◆ Task brief ◆
For the records that follow, please set down exactly the lines between the one holding "2022 Mercedes-Benz AMG" and the one holding "Portrait of young", inclusive, and only those.

◆ Information supplied ◆
/---
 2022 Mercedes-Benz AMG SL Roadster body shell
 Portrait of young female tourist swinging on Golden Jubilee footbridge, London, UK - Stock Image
\---
/---
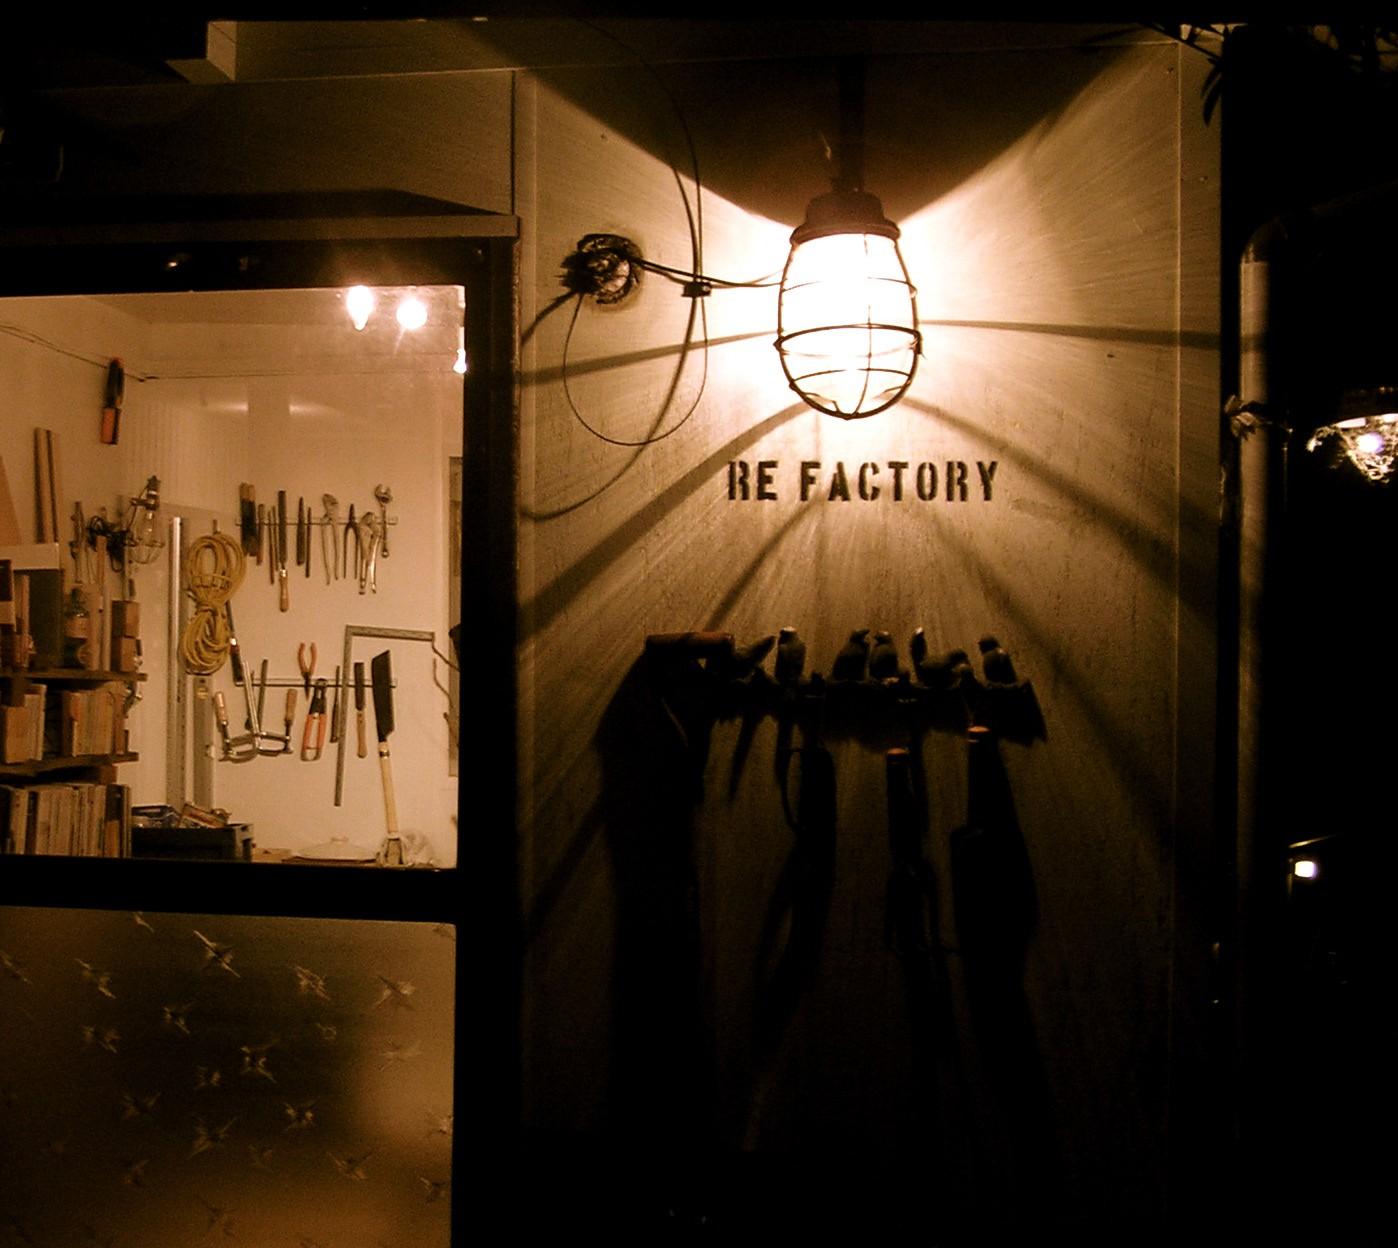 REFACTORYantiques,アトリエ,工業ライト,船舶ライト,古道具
\---
◆ Expected answer ◆
 2022 Mercedes-Benz AMG SL Roadster body shell
 Portrait of young female tourist swinging on Golden Jubilee footbridge, London, UK - Stock Image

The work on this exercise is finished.